On the other hand, to control how the police use the “urgent provision”, “a commission should be set – by legislators, scholars and judges, to regularly ask for reports from criminal authorities and also from service providers to confront all the information”.

“This would be a huge step in guaranteeing the protection of the basic rights of each citizen,” adds Bastos.

Scams Inc

Online racketeers are constantly changing and updating their skills. A few recent cases paint

an ominous picture

Latvian tax hacking

An unknown group of hackers said they had illegally downloaded millions of Latvian tax documents to show that Riga’s attempts to fight the economic crisis were not working. An alleged hacker using the alias “Neo” reported that over a period of three months, his group used a security loophole to download over 7.5 million documents from the State Revenue Service’s website.
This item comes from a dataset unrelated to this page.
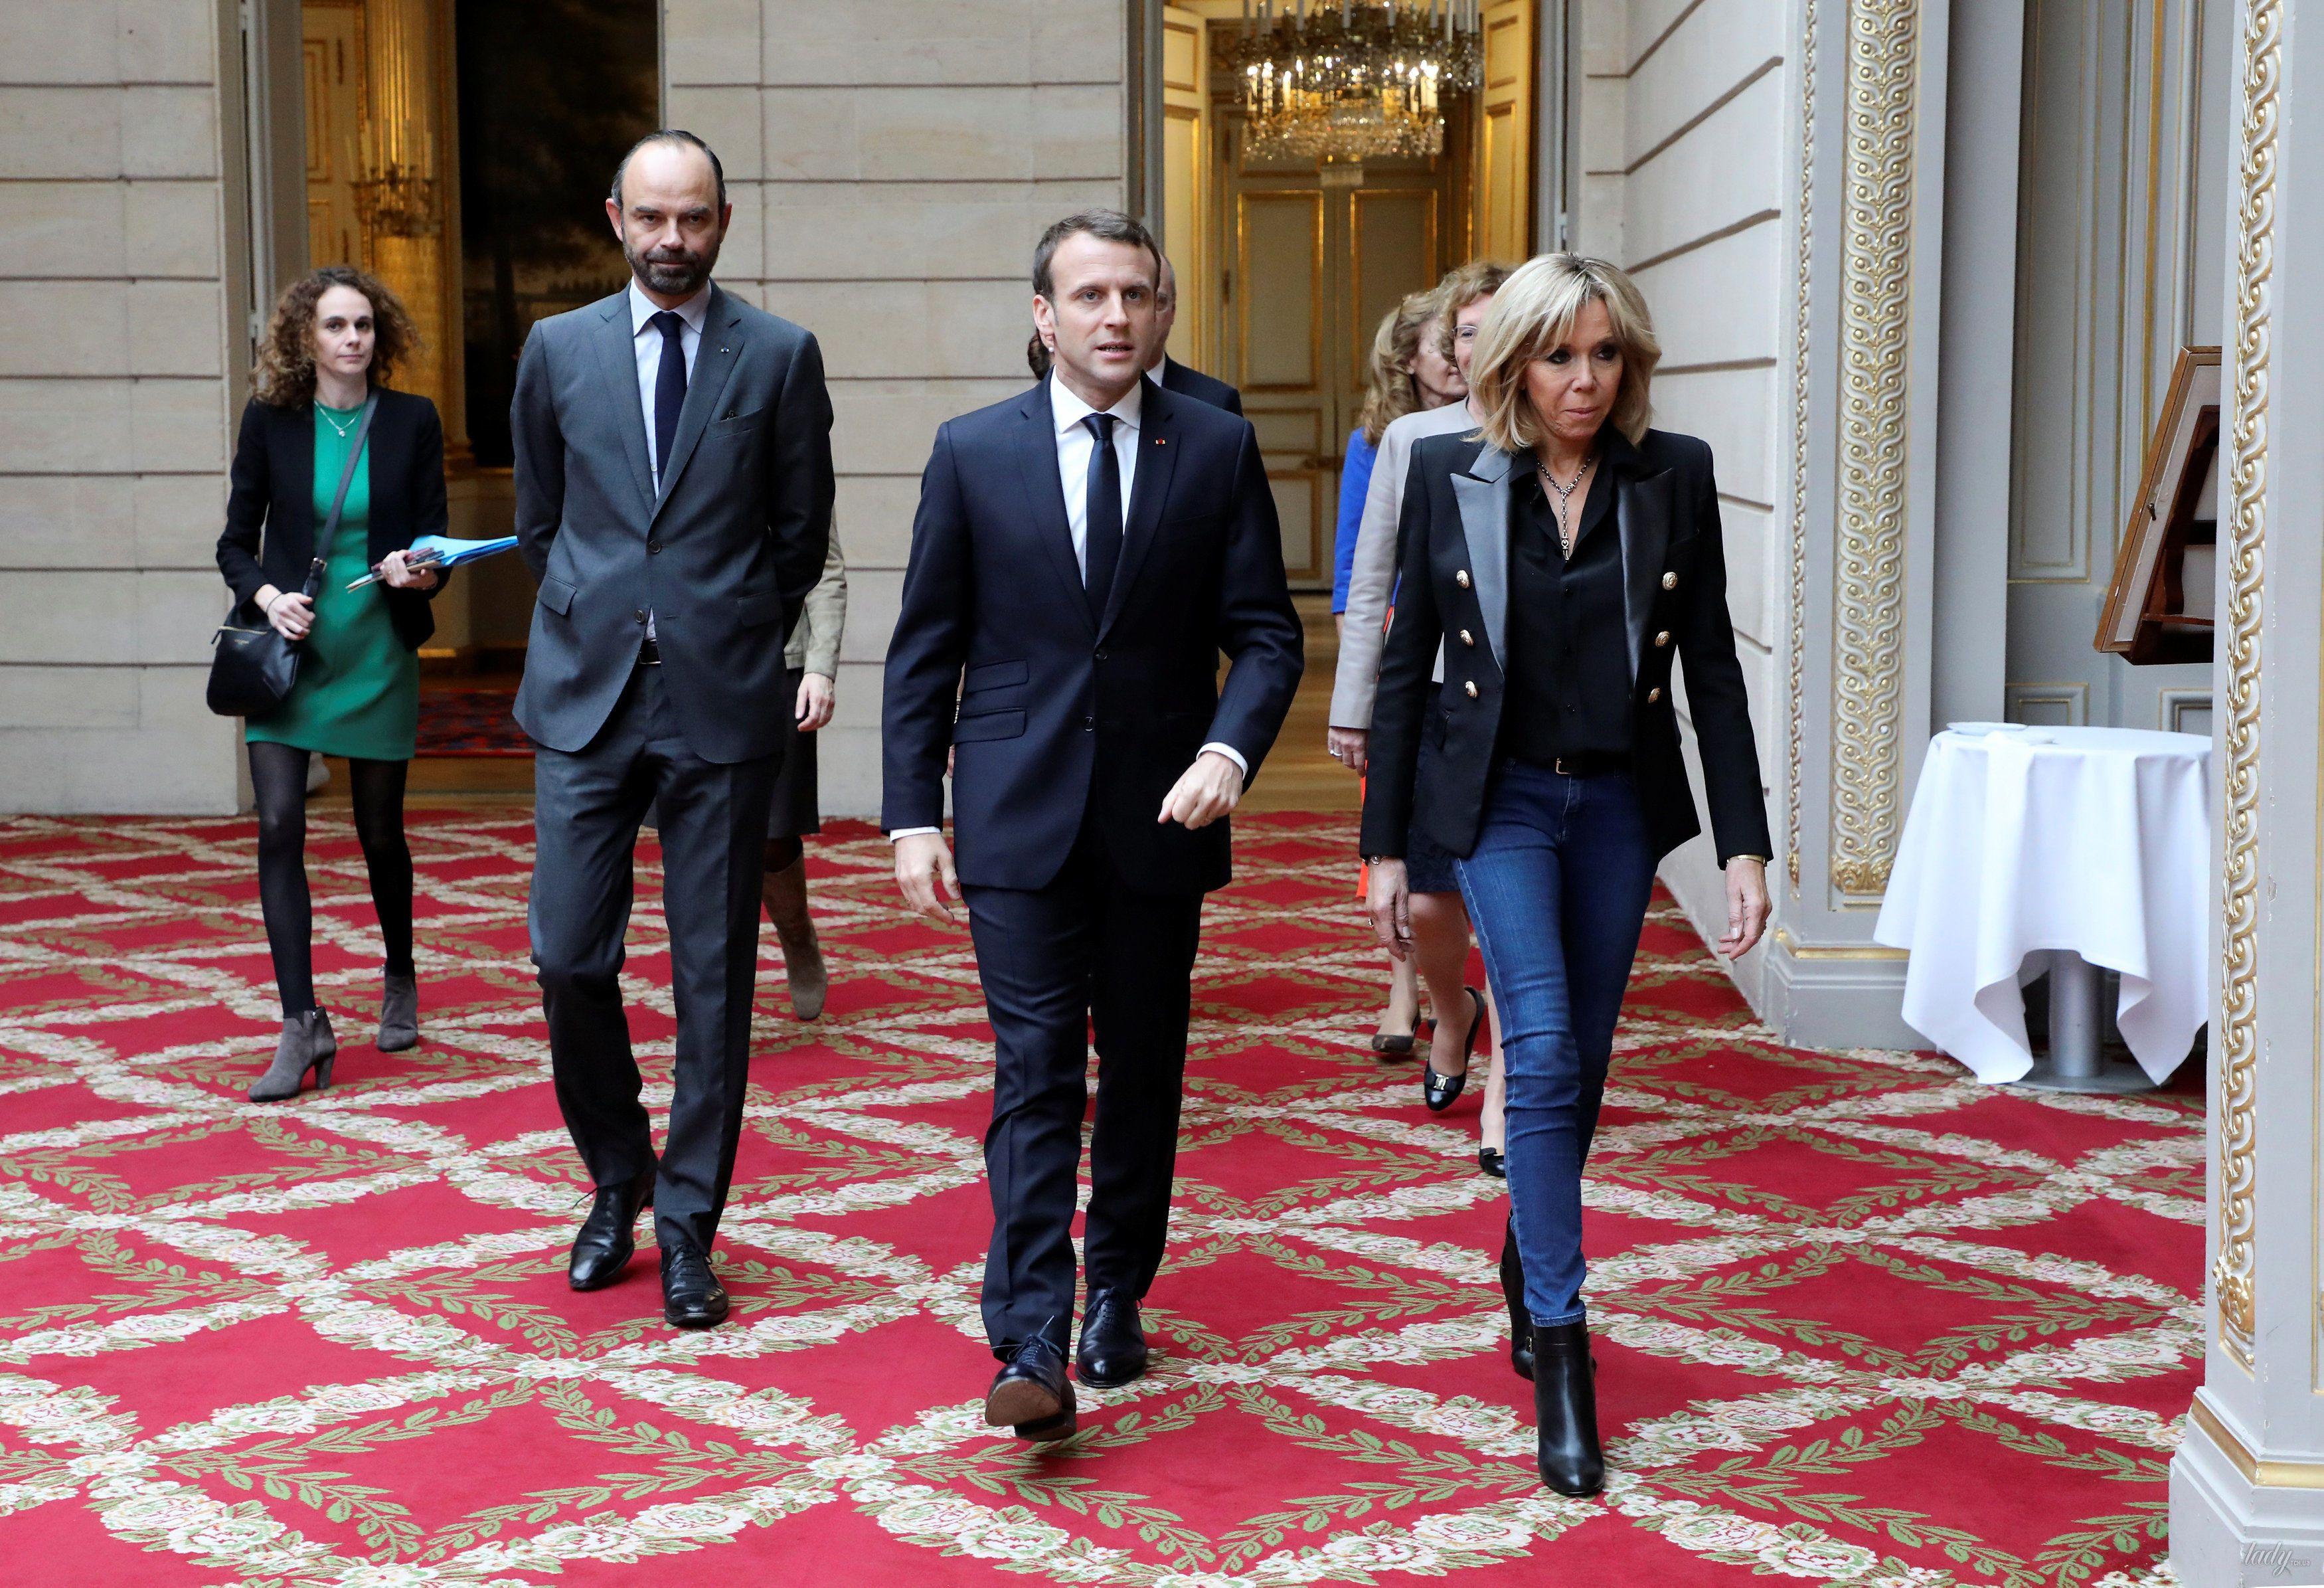 Макрон объявил, что Франция изменит собственный колониальный подход кафриканским народам

The massive data theft has embarrassed politicians and officials whose income and wealth – often many times the national average – has been exposed to the public at a time when Latvia is undergoing painful budget cutbacks to rebound from a severe recession.

Rogue carbon trading

Earlier this year, an organised group of hackers got access to online accounts where companies maintain their carbon credits, according to Der Spiegel. The German newspaper said the hackers launched a phishing attack against employees of companies in Europe, New Zealand and Japan, which appeared to come from the German Emissions Trading Authority. Using the workers´ credentials, the hackers were able to hi-jack the credentials to access the companies´ Trading Authority accounts and transfer their carbon credits to two other accounts controlled by them. According to the BBC, it’s estimated the hackers stole 250,000 carbon credit permits from six companies worth more than US$4 million.

Taking it – from ATMs

According to a federal grand jury indictment in 2008, two hackers, using bank accounts and PINs stolen over the internet, managed to steal millions of dollars from Citibank. The pair is alleged to be part of a worldwide scam that has made 9,000 fraudulent ATM withdrawals, according to court documents. ATM cards encoded with Citibank customer account information were used to withdraw the money.

Google under attack

Global media reports say computer codes used in the recent attacks on the networks of Google and dozens of other major US companies were developed by a group of Chinese hackers. Some say they were security professionals, consultants and temporary contractors, while others believe it appears to have been deployed by amateurs. Nonetheless, the computer attack made Google leave the mainland and created a firestorm between Washington and Beijing. Chinese authorities have denied any involvement and dismissed the reports that linked the attack to two local schools. Google and Beijing are still trying
to reach a final solution about the company’s future in the mainland.

Large wire fraud

In 1994, Vladimir Levin accessed the accounts of several large corporate customers of Citibank via their dial-up wire transfer service and transferred funds to accounts set up by accomplices in different countries. Three of his accomplices were arrested and the interrogation directed investigators to Levin, a 23-year-old computer programmer in St. Petersburg. However, at the time, there were no extradition treaties between the US and Russia covering these crimes, but in March 1995 Levin was apprehended in London making an interconnecting flight from Moscow. Levin was delivered into US custody in September 1997, and in a plea agreement he admitted to one count of conspiracy to defraud and to stealing US$3.7 million.

Baidu offline

China’s leading search engine has revealed a shocking lack of security nous as its chosen domain name registrar was responsible for a prolonged outage last January. Baidu, which commands 70 percent of the Chinese search market, was offline for at least four hours. During the incident, its baidu.com home page instead showed the messaged “This site has been hacked by the Iranian Cyber Army”. China’s Baidu says in legal papers that an obvious scammer was able to con Register.com support staff into handing over the keys to its kingdom, resulting in millions of dollars in lost revenue.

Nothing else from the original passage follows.